▶ **THE DATA**:
:::::

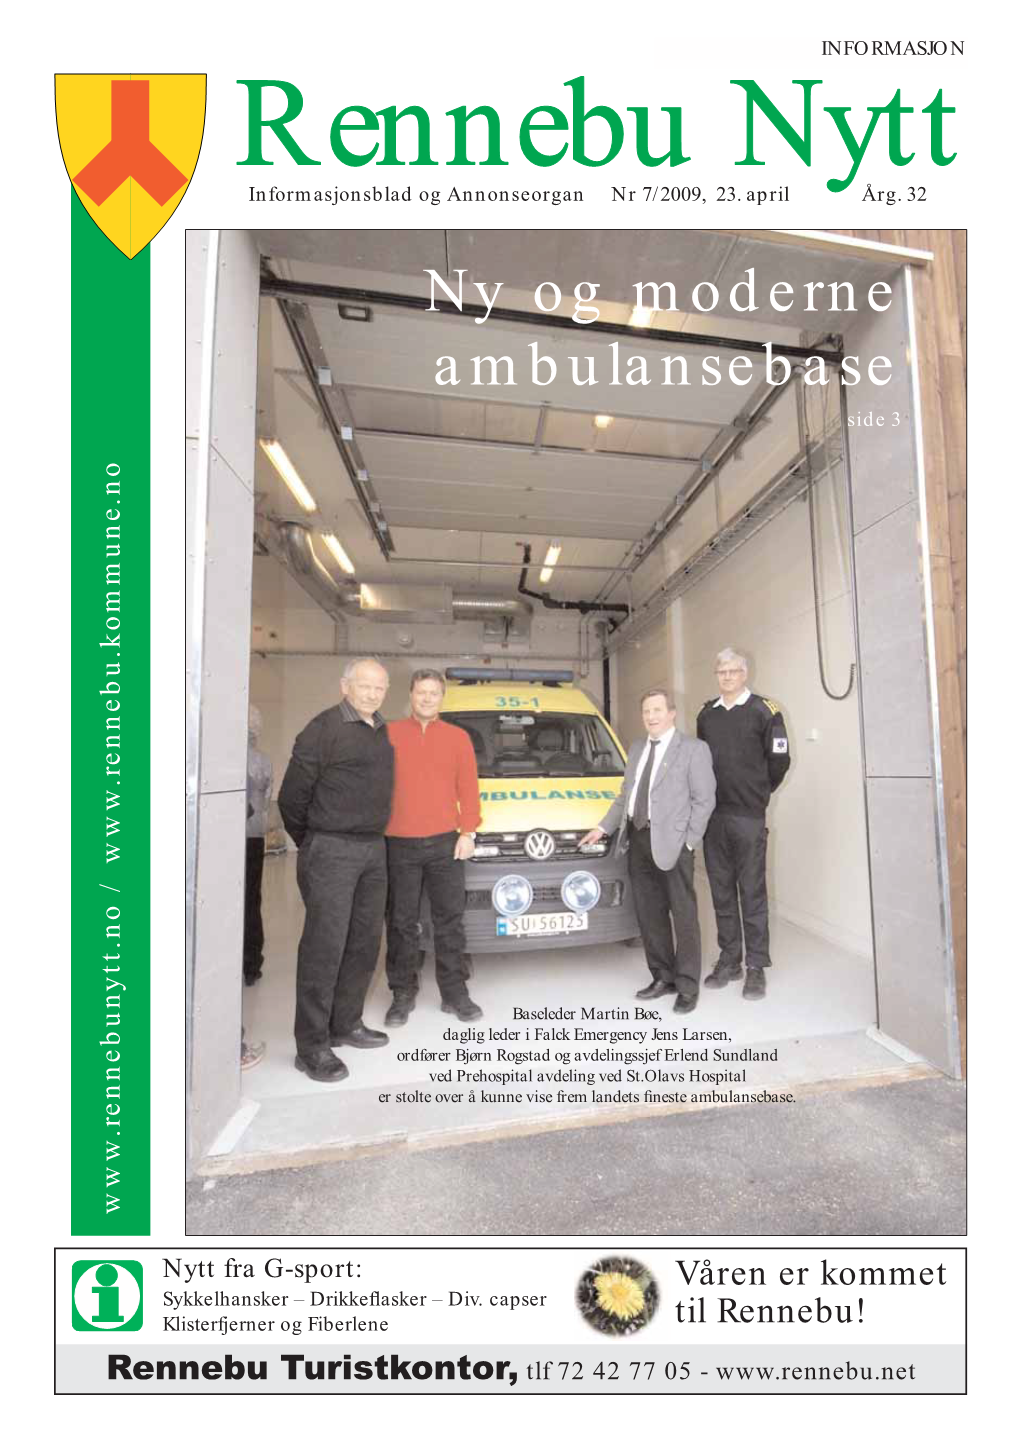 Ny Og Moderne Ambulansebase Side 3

:::::

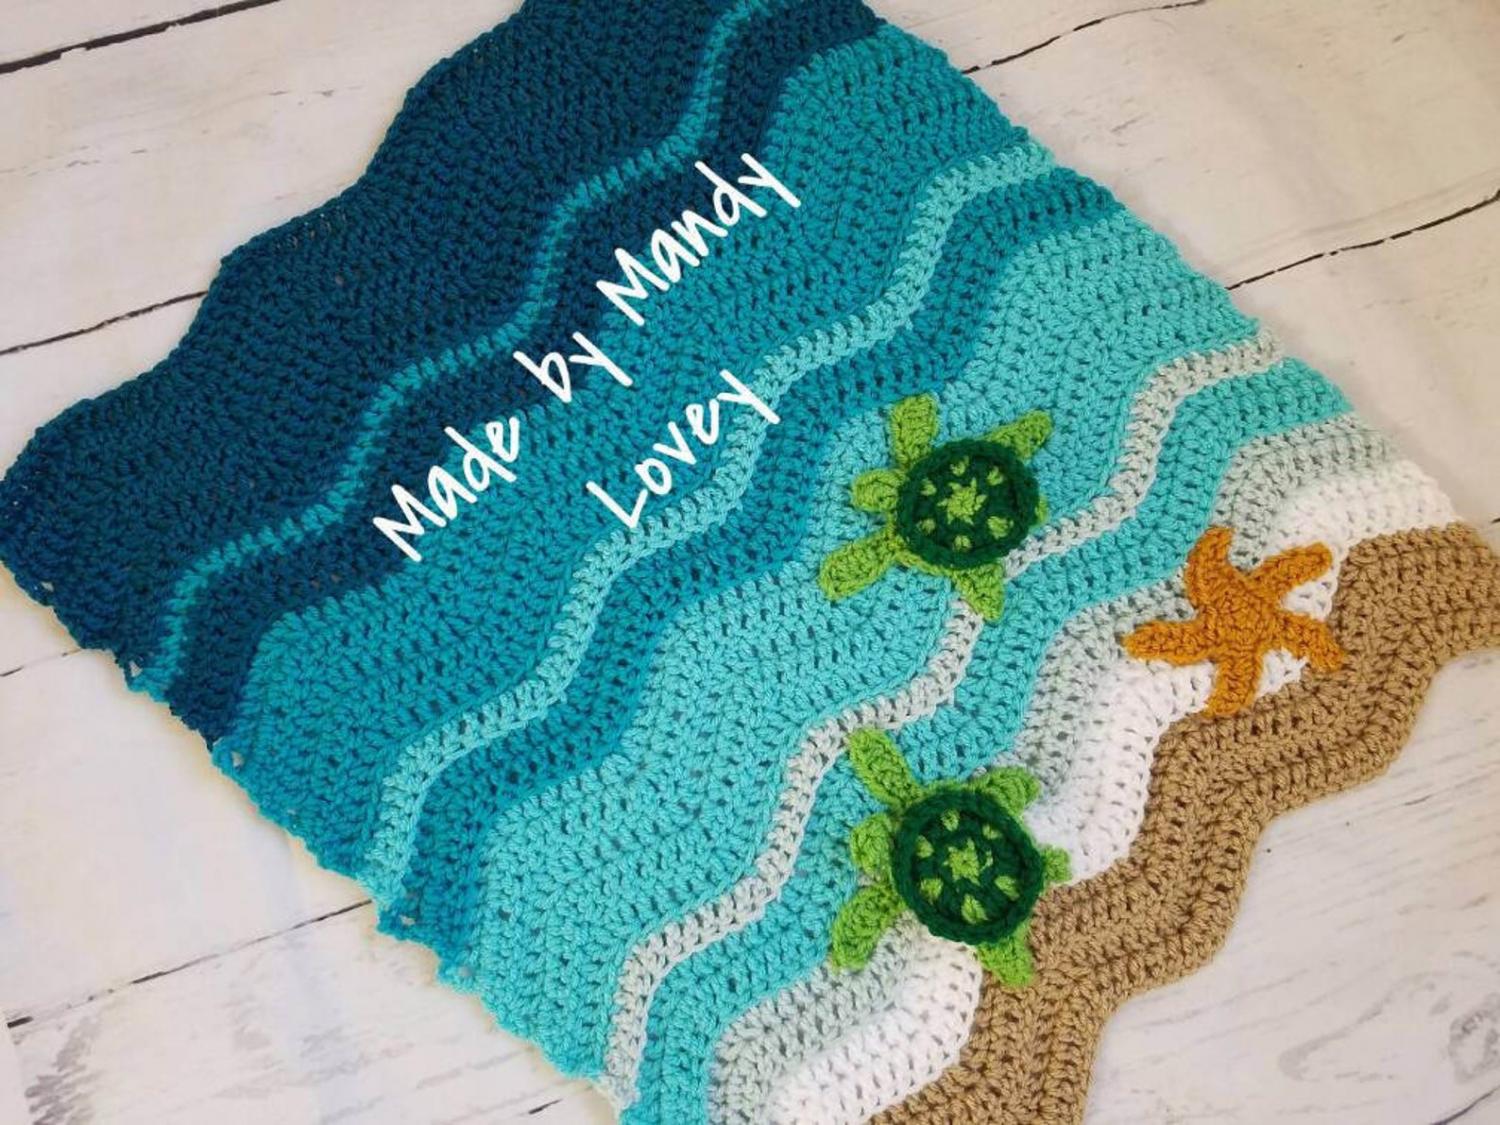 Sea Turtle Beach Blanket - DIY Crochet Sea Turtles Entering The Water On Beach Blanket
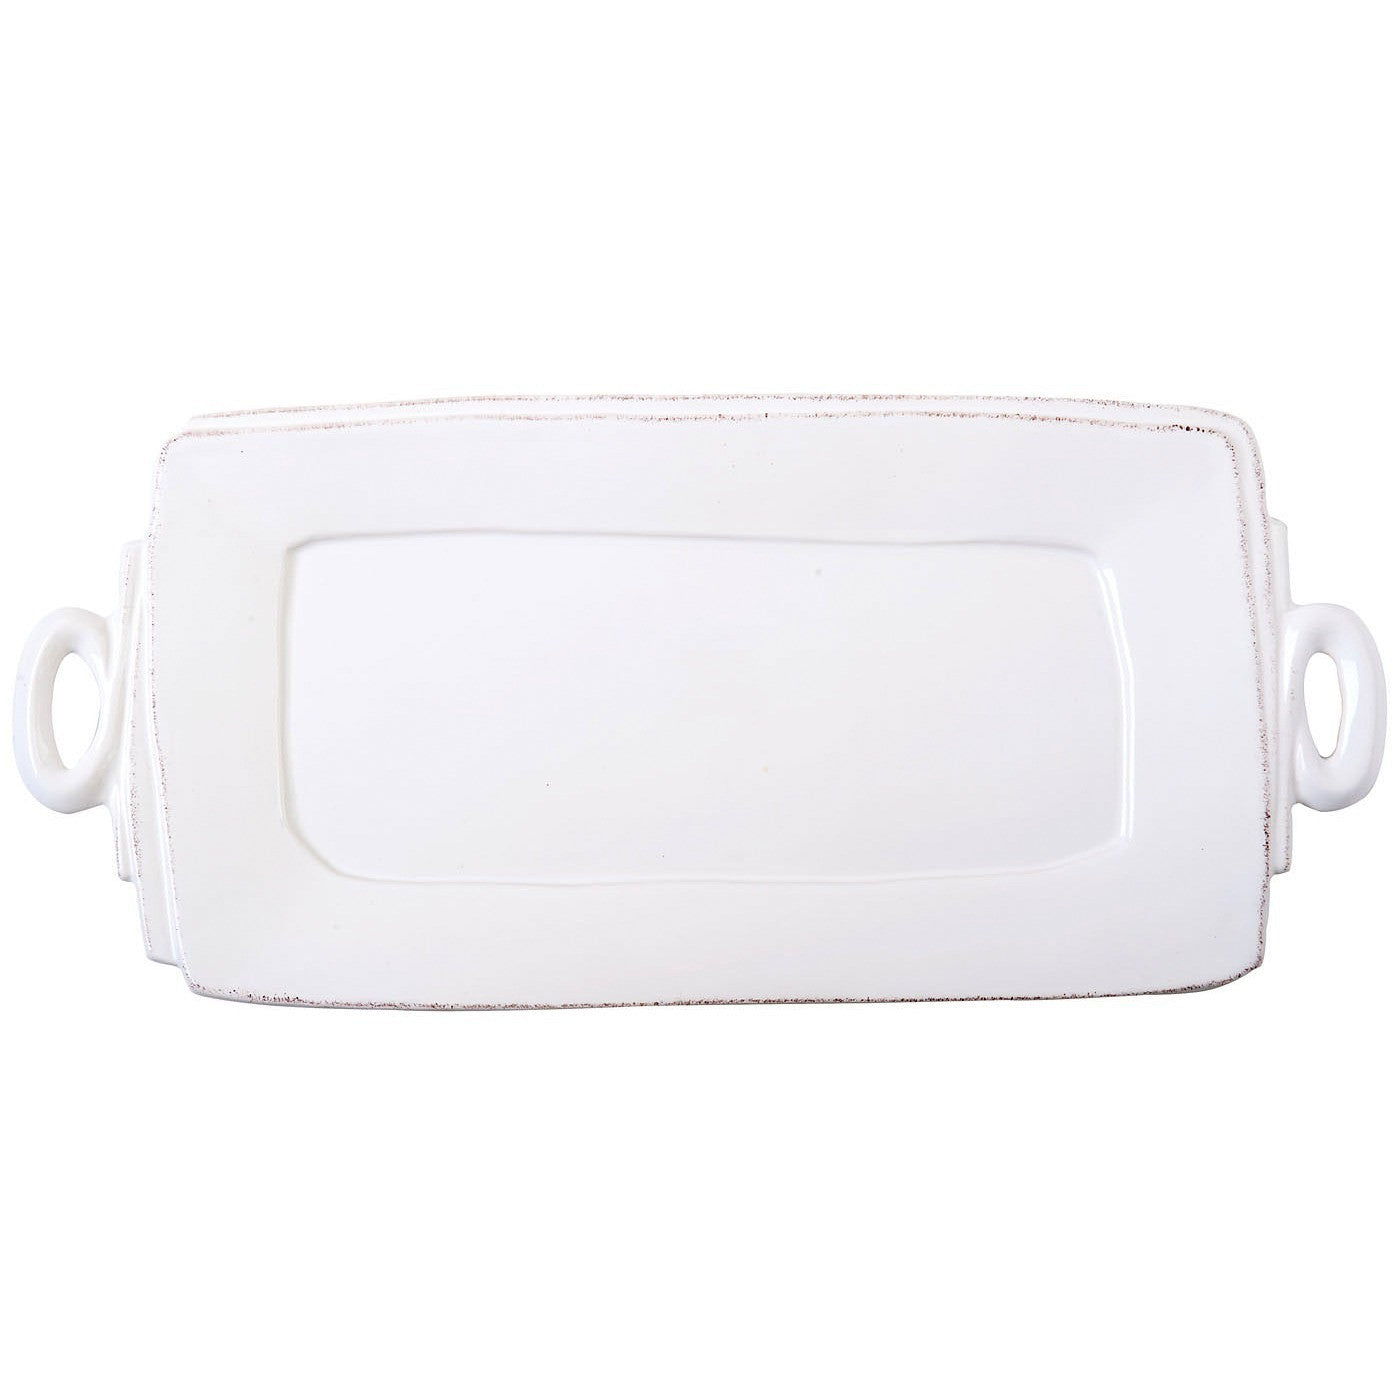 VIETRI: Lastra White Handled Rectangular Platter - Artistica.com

:::::

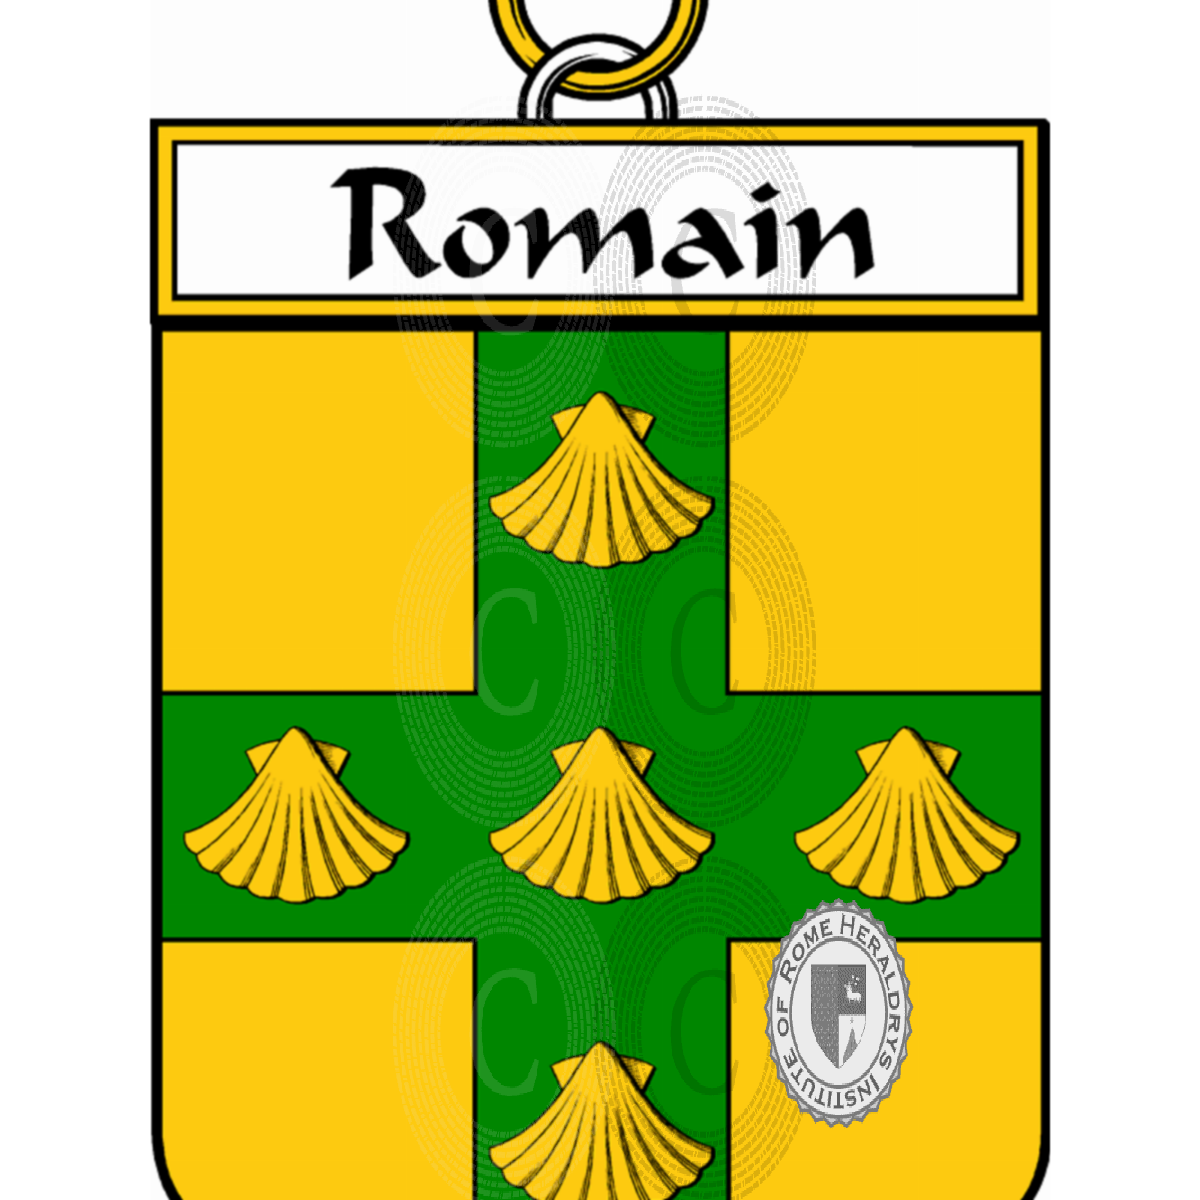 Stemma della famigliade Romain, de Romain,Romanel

:::::

▶ **TASK TO COMPLETE**:
Give again, exactly as written above, every line from the one holding "Sea Turtle Beach" to the one holding "VIETRI: Lastra White", with both ends kept and the pictures left out.

▶ **WRITTEN REPLY**:
 Sea Turtle Beach Blanket - DIY Crochet Sea Turtles Entering The Water On Beach Blanket
 VIETRI: Lastra White Handled Rectangular Platter - Artistica.com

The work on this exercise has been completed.